Don't seem a problem of binary file (the 0,3,5,6 and 9 characters works fine) but a conversion character problem of ttywatch.
With a script that changes those characters with the correct ones it will work, but.....why have to do this? Don't have sense, and I want all as simply as I could for having a ftp server running directly toward the log directory and nothing more...

Thank you very much.
 
Answer from the Author, Michael K. Johnson:

"It's the encoding being used for your terminal session. You can
use iconv to re-encode from iso-8859-1 (for example) into utf-8,
or you can change the encoding being used for your terminal
session. In gnome-terminal that's Terminal -> Character Coding
(you may need to choose Add or Remove ... in order to enable an
alternative encoding such as iso-8859-1.
 
Is there some sort of parity set up?
The coding of the characters (some of them) are:
0010 0000 space odd number of 1
0011 0000 0 even
0011 0001 1 odd
0011 0010 2 odd
0011 0011 3 even

etc.

This is possible if you send with 7 bit + parity and receive
with 8 bit.
 
Just modified the file "logfile.c":

#include <ctype.h>

and in logfile_write():
int i;

and just before return write... :

for (i=0; i<count; i++)
buf=toascii(buf);


Recompiled and working fine.
 
Glad to see you got a solution. I automatically get a new logfile each day with the following 2 perl scripts. The file is named with the date of the day e.g. 2004-06-24.log
Must have a user called 'cdr' with home directory '/home/cdr/'
Hope this is some use to you.

log.pl
___________________________________________________________
#!/usr/bin/perl
#
# September 2002
#
# Generate new logfile with todays date.
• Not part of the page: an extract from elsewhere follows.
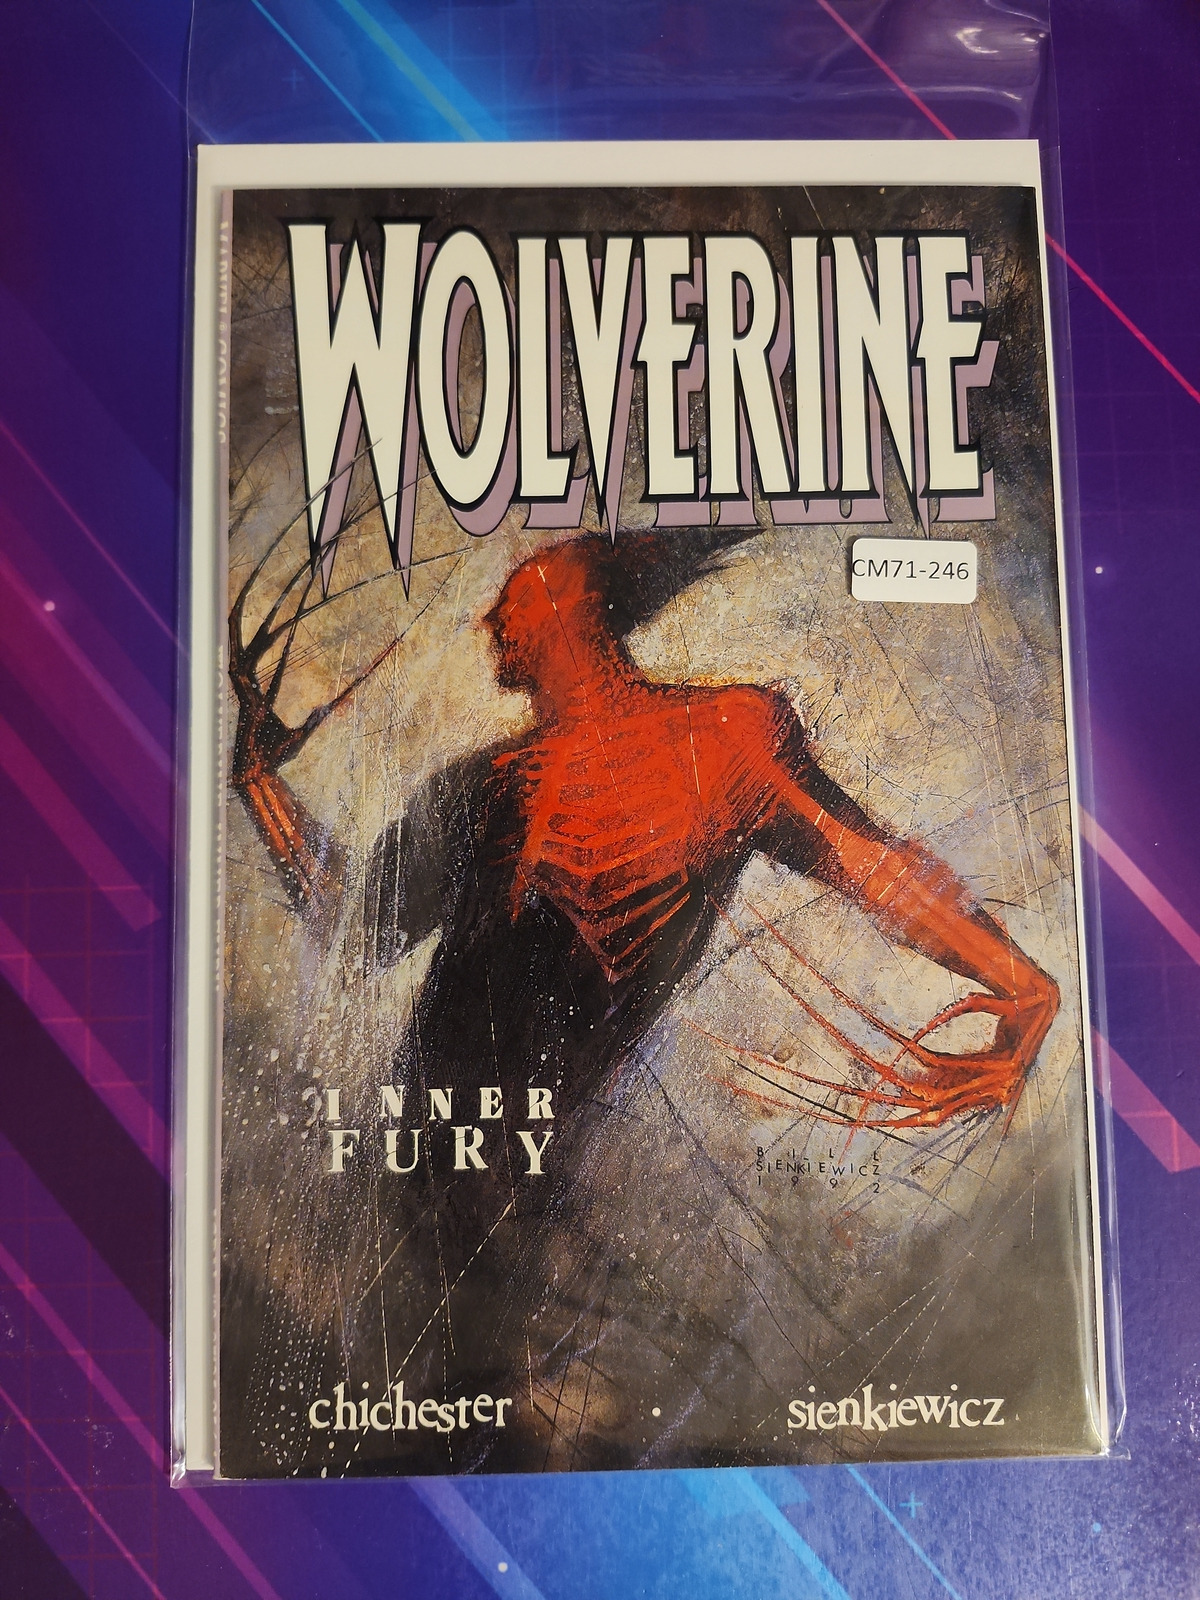 WOLVERINE: INNER FURY #1 ONE-SHOT HIGH GRADE MARVEL COMIC BOOK CM71-246

Get from system time.
#

($sec, $min, $hr, $dom, $mth, $yr, $wday, $doy, $ISDst)= localtime(time);
$yr=$yr + 1900;
$mth=$mth+1;
$datestring= "$yr-$mth-$dom";
system("/usr/sbin/ttywatch --logpath /home/cdr/Logs --name '$datestring' --port /dev/ttyS0 --bps 9600 --pidfile /home/cdr/pid/ttyfile.pid &");
____________________________________________________________

logmanager.pl
____________________________________________________________
#!/usr/bin/perl -w
#
# ttyfile.pid contains the pid for ttywatch.
# Kill this pid to stop CDR logging each night via CRON

if(-e '/home/cdr/pid/ttyfile.pid')
{
open(INFILE, '/home/cdr/pid/ttyfile.pid') or die "Could Not Open File";
while(<INFILE>)
{
$line = $_;
chomp $line;
print $line;
system("kill $line");
}
}
____________________________________________________________

insert the following 2 lines into the crontab for root:

30 0 * * * perl /home/cdr/logmanager.pl \;
32 0 * * * perl /home/cdr/log.pl \;
 
If you have BC11 and want to change the date record that is
output at midnight, use the command CLDHC.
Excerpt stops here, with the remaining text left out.